In this step, by the sample set that divides by means of characters, dividing by means of characters can be carried out to the character that can not form participle in participle text Match, reverts back the information of normal expression.

Specifically, it can be matched to the character that can not form participle that line direction is adjacent in text is segmented.

For example, participle text is " six directions adopts San month shellfish and million $ ", dividing by means of characters sample set record " adopting San " corresponds to " coloured silk ", " shellfish is simultaneous " corresponds to " earning ".It is known that " adopting ", " San ", " moon ", " shellfish ", " simultaneous " " $ " be to segment not being determined as in text The character of molecule then matches above-mentioned adjacent " adopting ", " San ", " moon ", " shellfish " ", and " based on dividing by means of characters sample set, obtains Matching after molecule text are as follows: " the lottery ticket moon earns million ".

Similarly, it can also be matched to the character that can not form participle that column direction is adjacent in text is segmented；

For example, participle text are as follows: " add cell-phone number xx, it can be low from arbitrage

The heart "；

It can then be matched based on dividing by means of characters sample set, " certainly " adjacent to column direction, " heart ", be divided after the matching determined Ziwen sheet are as follows: " add cell-phone number xx, can low interest arbitrage ".

Step S108 will segment text input preset language model after at least one set matching, obtain at least one set matching The confidence level of text is segmented afterwards；

For step 108:

It should be understood that participle text not necessarily correctly goes back original text after the matching determined based on dividing by means of characters sample set This, it is therefore desirable to the confidence level that text is segmented after matching is assessed using preset language model evaluation.Text is segmented after matching The size of this confidence level is able to reflect the reduction accuracy rate of participle text after the matching.

It should be understood that preset language model be according to actual application scenarios flexible setting, the embodiment of the present application to this not Make specific limit.

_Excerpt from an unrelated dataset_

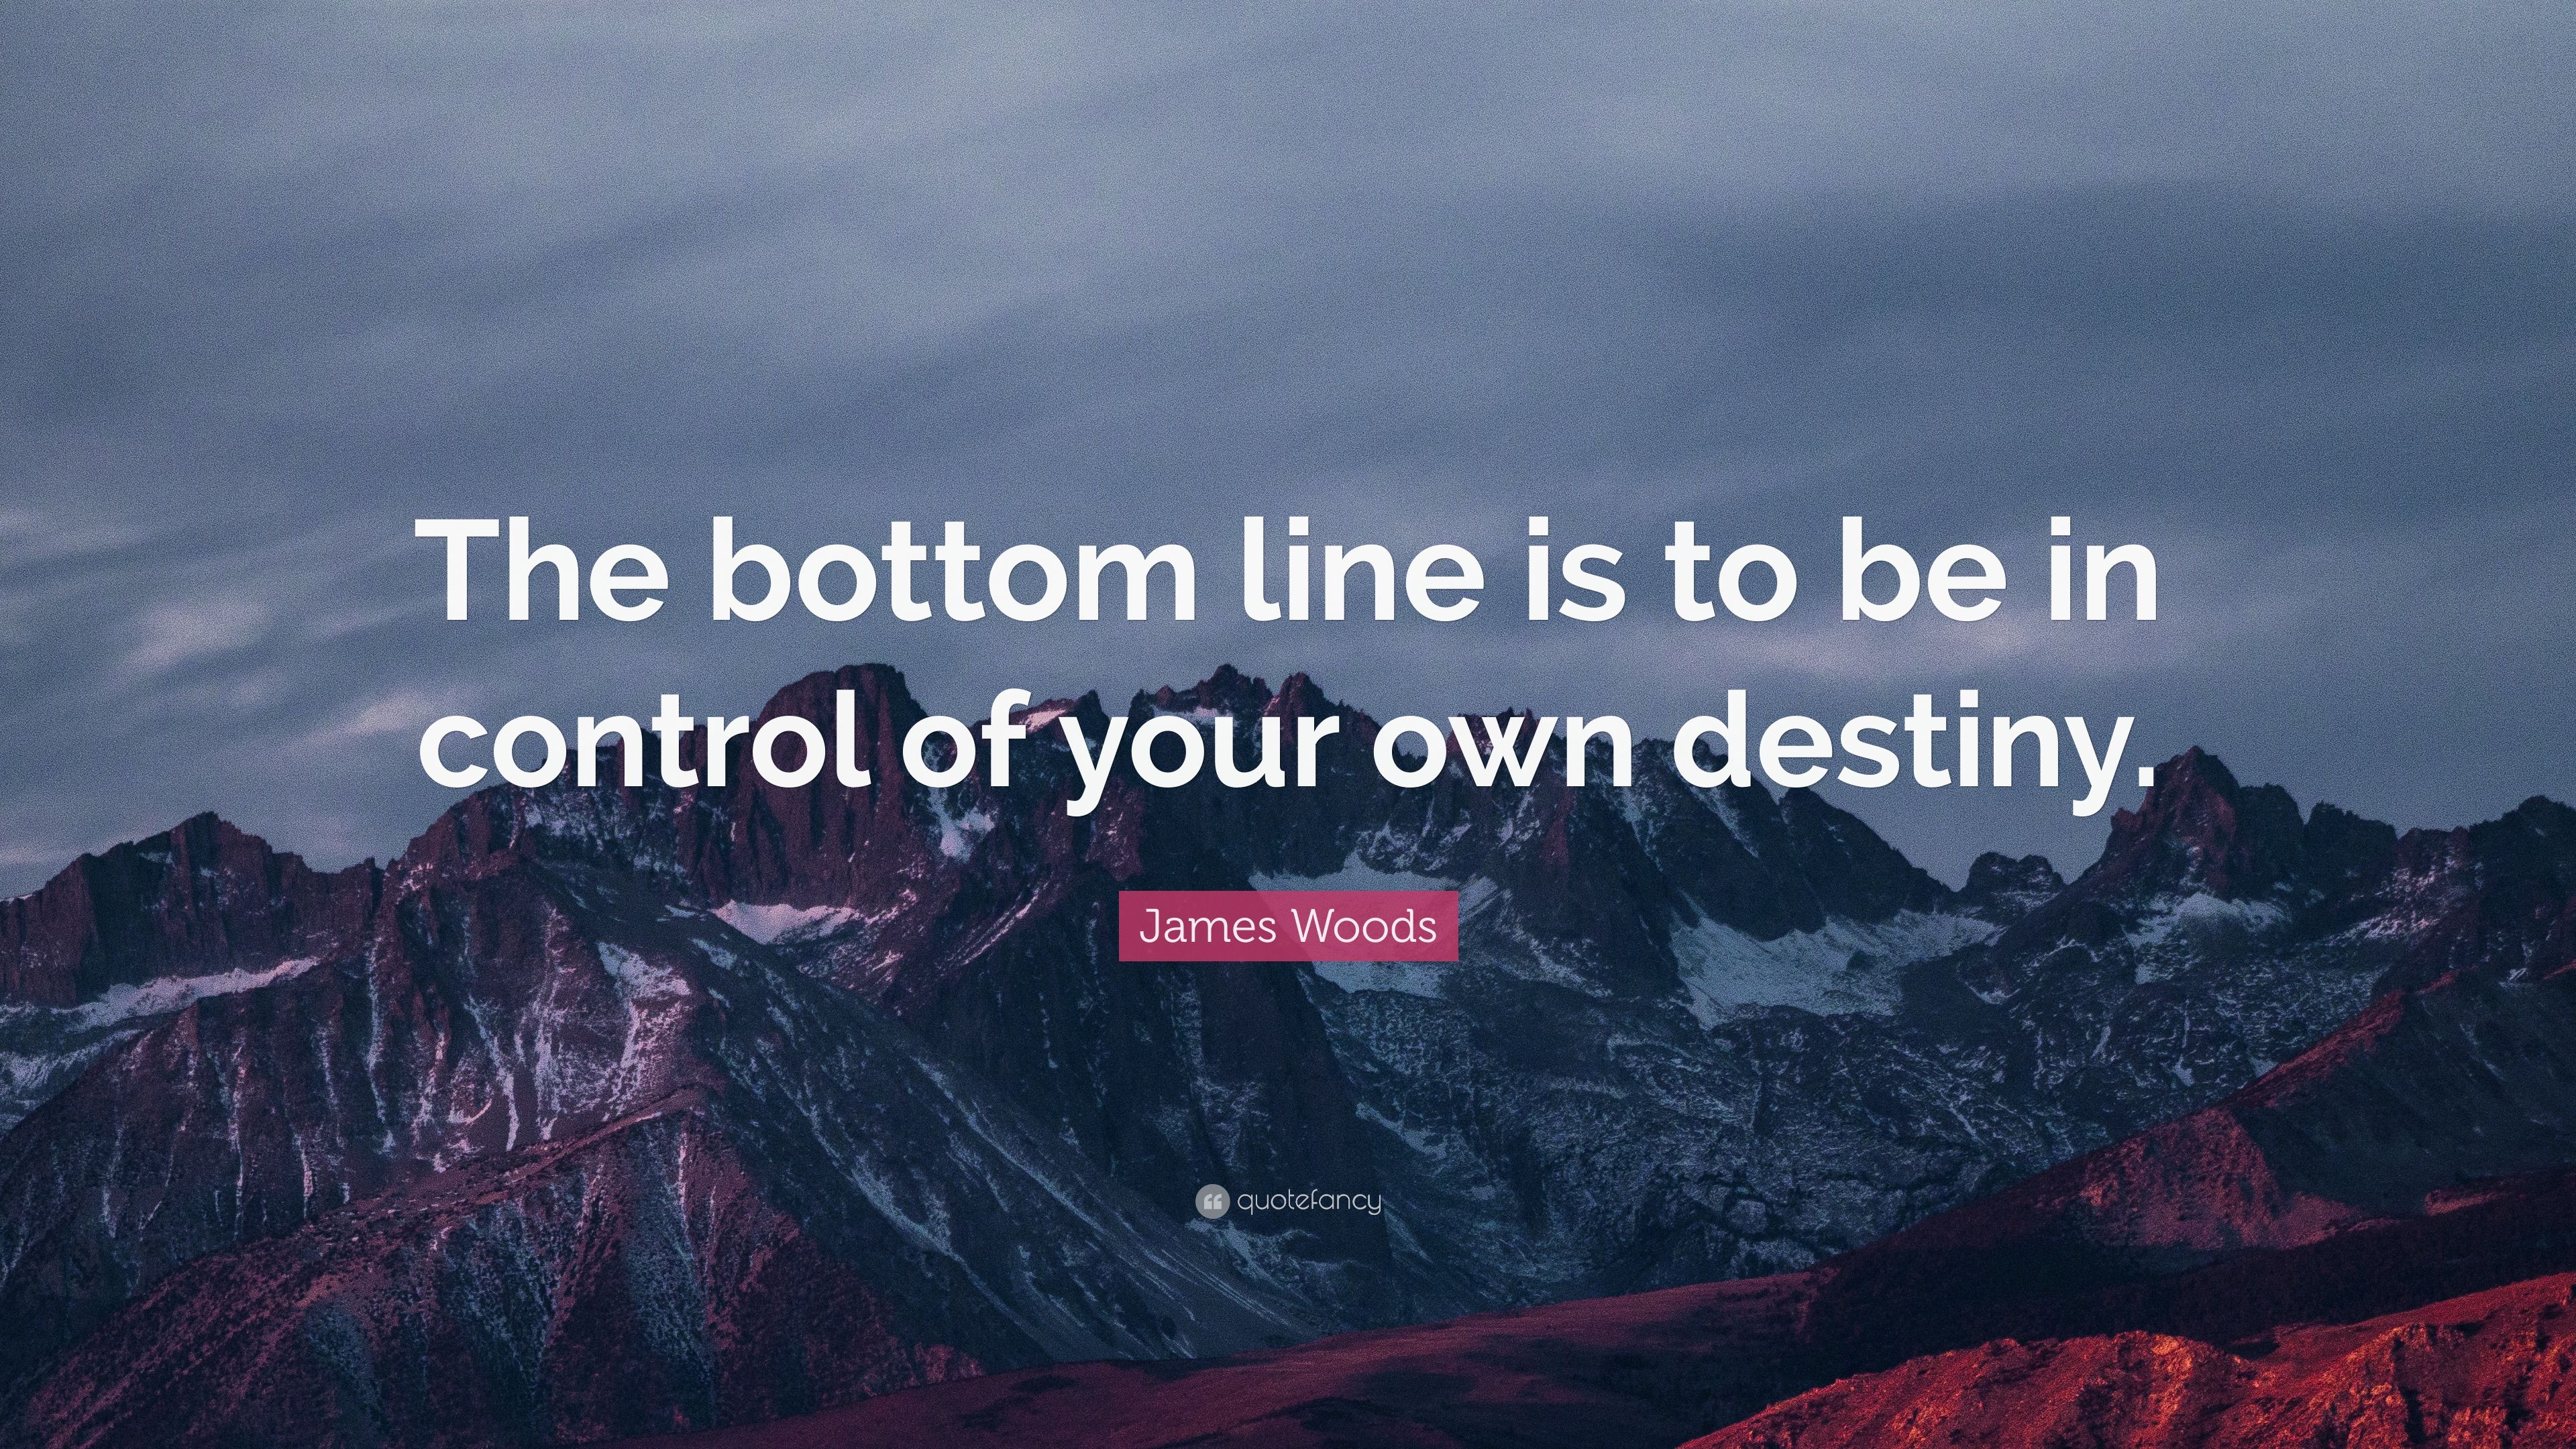 James Woods Quote: “The bottom line is to be in control of your

As exemplary introduction, it is assumed that the scheme of the embodiment of the present application is for restoring the rubbish expressed in a manner of dividing by means of characters in network Rubbish information.Preset language model can be obtained by the training of junk information sample set.Text is segmented after by least one set matching After inputting preset language model, evaluation criteria of the preset language model based on junk information is literary to segmenting after at least one set matching This confidence level is given a mark.Wherein, the confidence level score value that text is segmented after matching is higher, then more may be junk information, right The reduction accuracy rate answered is also higher.

Alternatively, the preset language model of the embodiment of the present application is using the expression way of correct sentence as evaluation criteria, to extremely The confidence level that text is segmented after few one group of matching is given a mark.For example, the correct sentence structure of " subject and predicate, guest " is based on, at least The confidence level for segmenting text after one group of matching is given a mark.Wherein, the confidence level score value that text is segmented after matching is higher, then corresponds to Reduction accuracy rate it is also higher.

Since the implementation of preset language model is not unique, no longer citing is repeated herein.

Step S110 is divided after at least one matching based on the confidence level for segmenting text after above-mentioned at least one set of matching Target text is selected in word text goes back original text.

For step S110:

This step can segment after above-mentioned at least one matching and choose one of confidence level highest in text as target Text goes back original text.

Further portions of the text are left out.